Considering that the gut microbial biomass carries indisputable benefits and potential aggressiveness, the immune system must discriminate ‘useful’ antigens (i.e., food and commensals) from pathogens or potentially pathogens (pathobionts) to induce tolerance or activation of the immune response, respectively. Since the intestinal epithelium is a front designed to repel pathogens, the host must rely on non specific host-defense mechanisms for barriers of innate immunity (anatomic, physiologic, phagocytic/endocytic and inflammatory). The physical barrier comprises an outer layer of mucus colonized by microorganisms and an inner layer reinforced by inter-epithelial junctions (occluding, communicating, and adherent or anchoring). In the outer layer, the communication process between bacteria (quorum sensing) induces biofilm formation, the production of secondary metabolites, and a bacterial competition system in both Gram-positive and -negative bacteria
[14].
The biochemical barrier is provided by secretory IgAs (sIgA) and antimicrobial peptides (AMPs), such as α-defensins, bacteriocins, lysozymes, Reg3 proteins, and C-type lectins
[15]. Among these, the role of Reg3 proteins in limiting tissue damage and optimizing the related repair processes has recently aroused scientific interest. Recent evidence shows that their function in the intestine is not relegated exclusively to mucosal protection against pathogens, and instead they also induce an advantageous increase in lactobacilli and a reduction in bacterial translocation responsible for inflammation
[16].
Molecular profiles associated with commensals or pathogens, respectively, MAMPs (microbe-associated molecular patterns) and PAMPs, are molecular combinations that are phylogenetically conserved in the microbial galaxy but not expressed by the host cells and must therefore be sampled regularly by the immune system. Damage-associated molecular patterns (DAMPs) are also recognized and processed in order to obtain a sense of what is happening in the gut habitat. The recognition of these molecular patterns is delegated to transmembrane and intracytoplasmic PRRs. Among these, the Toll-like receptors (TLRs) should be mentioned for their high functional value. TLRs are strategically distributed on epithelial cells and antigen-presenting cells (APCs), such as dendritic cells, B lymphocytes, macrophages, and monocytes. Toll-like receptors are responsible for the recognition of a wide variety of molecules expressed by pathogens but not by host cells (Table 2).
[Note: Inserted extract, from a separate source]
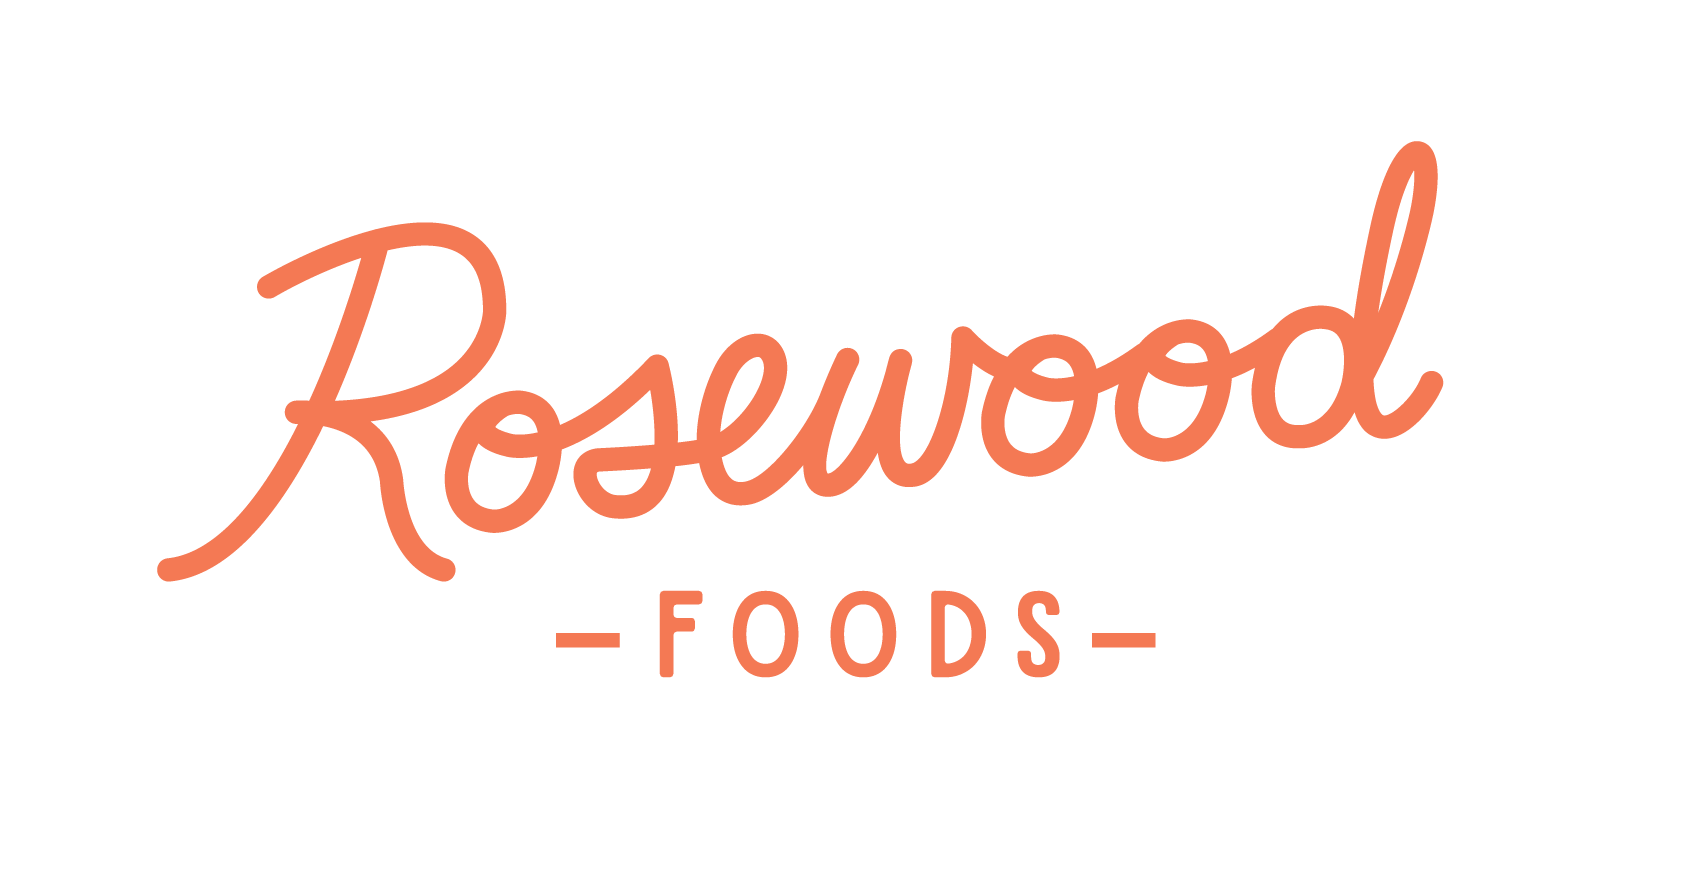 RosewoodFoods-TerraCotta

Table 2. Human Toll-like receptors and their ligands.
Dendritic cells can either internalize the antigen and process it for presentation to T lymphocytes or keep it on the surface in its native form to make it available to antigen-specific B lymphocytes. The tolerance or eventual reactive response depends on the type of activated receptor (signaling). Each component of the symbiont microbiota is useful for tolerogenesis and the consolidation of the mucosal barrier, which is an advantageous anatomical-functional prerogative aimed at regulating antigen traffic. Commensal structures (DNA, lipoteichoic acid, lipopolysaccharides, MAMPs) and bacterial metabolites (short-chain fatty acids) ensure tolerance through non-immune (epithelial barrier integrity, mucus production, reduced intestinal permeability) and immune action (production of sIgA, anti-inflammatory cytokines and chemokines, induction of tolerogenic dendritic cells, differentiation, and proliferation of regulatory T lymphocytes).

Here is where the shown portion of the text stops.